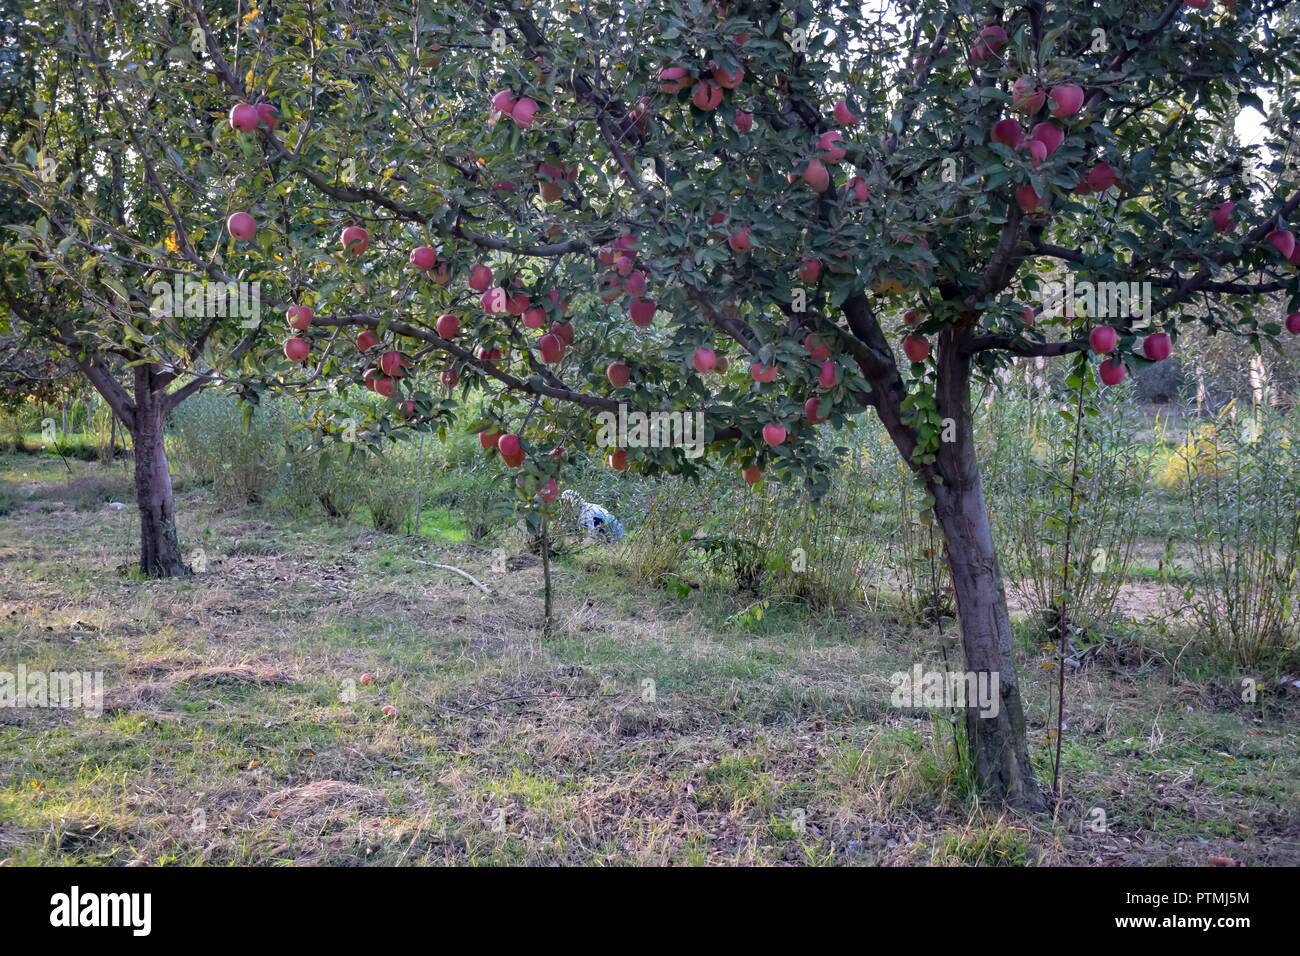 Apples are seen on a tree in an orchard in Pulwama during the apple harvest. Kashmir is the prime source of all apple production in India where there are around 113 varieties of apples. In the autumn season the orchards are packed with the red blooms of apple trees. Stock Photo
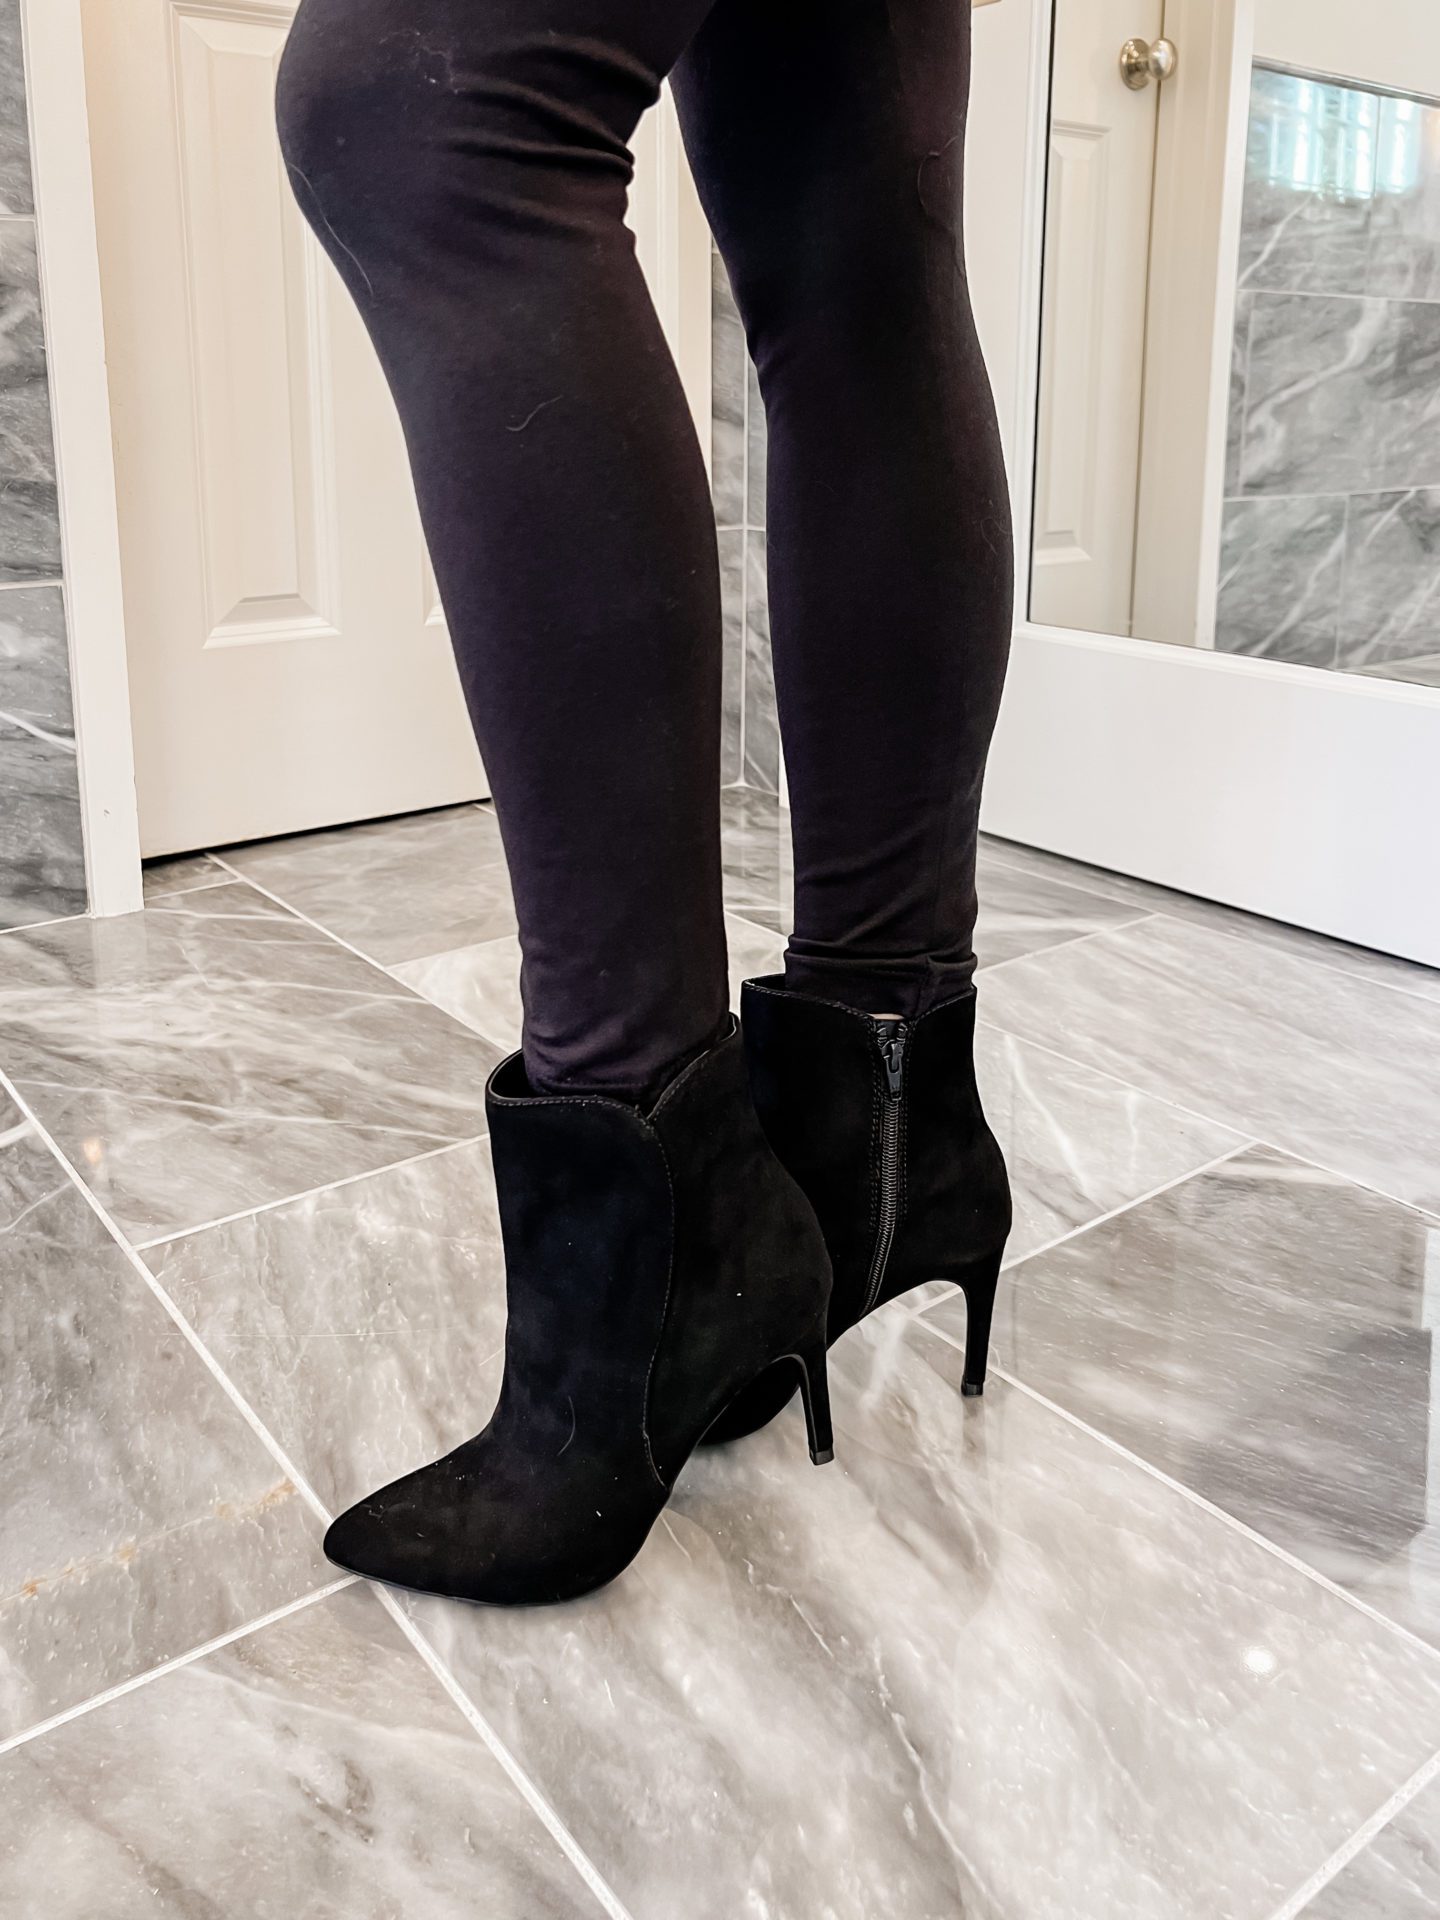 These black Walmart booties are comfortable and affordable. A great holiday bootie!
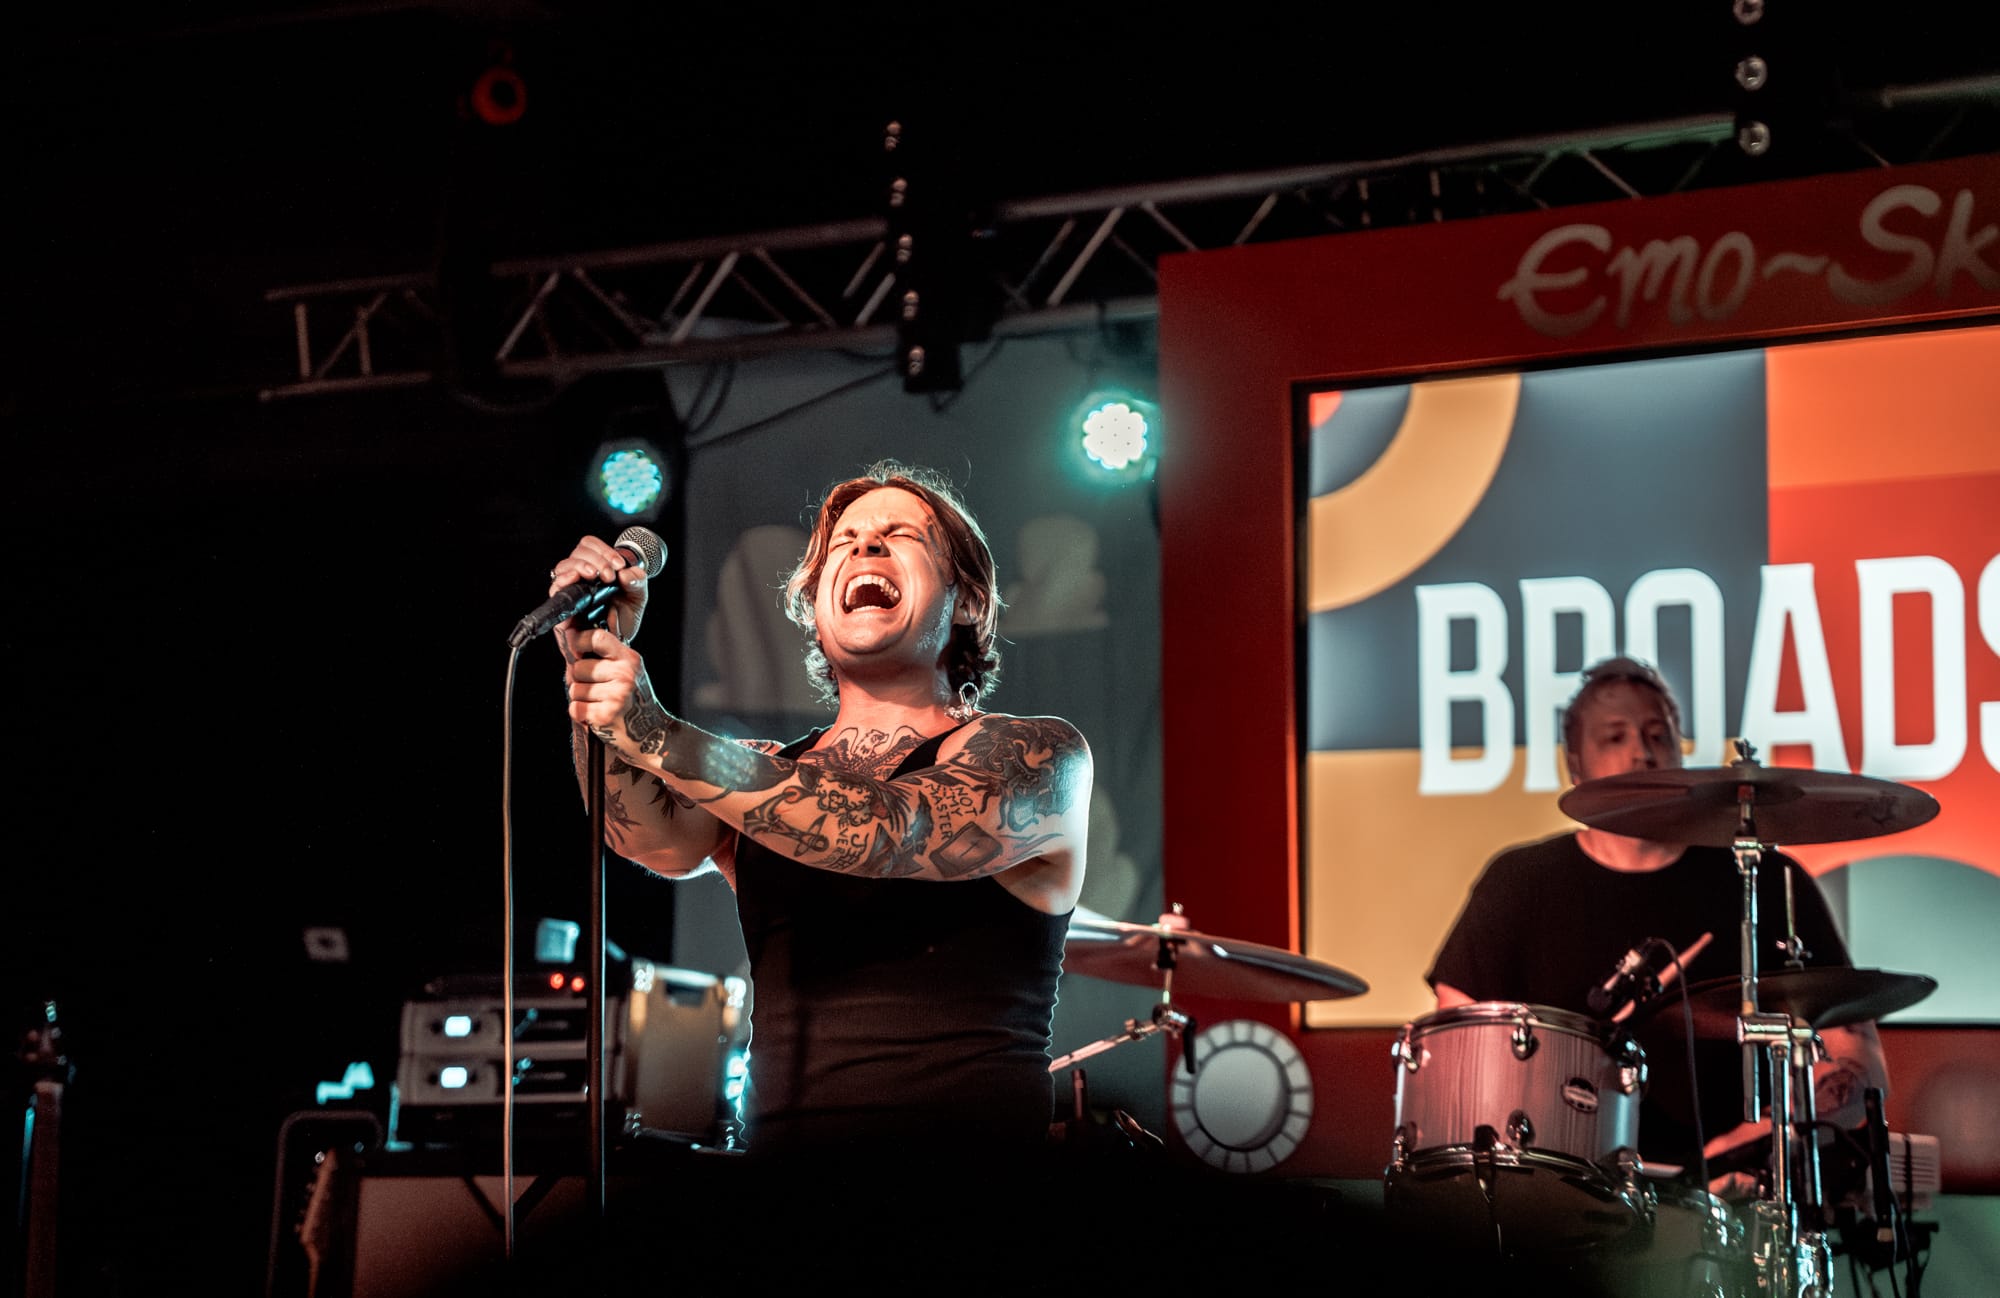 A Different Shade of Blue: Broadside Performs Explosive Set in Greensboro, North Carolina

Try it
A faithful copy of all the lines above is needed, with the pictures omitted.

Solution to this exercise
 Apples are seen on a tree in an orchard in Pulwama during the apple harvest. Kashmir is the prime source of all apple production in India where there are around 113 varieties of apples. In the autumn season the orchards are packed with the red blooms of apple trees. Stock Photo
 These black Walmart booties are comfortable and affordable. A great holiday bootie!
 A Different Shade of Blue: Broadside Performs Explosive Set in Greensboro, North Carolina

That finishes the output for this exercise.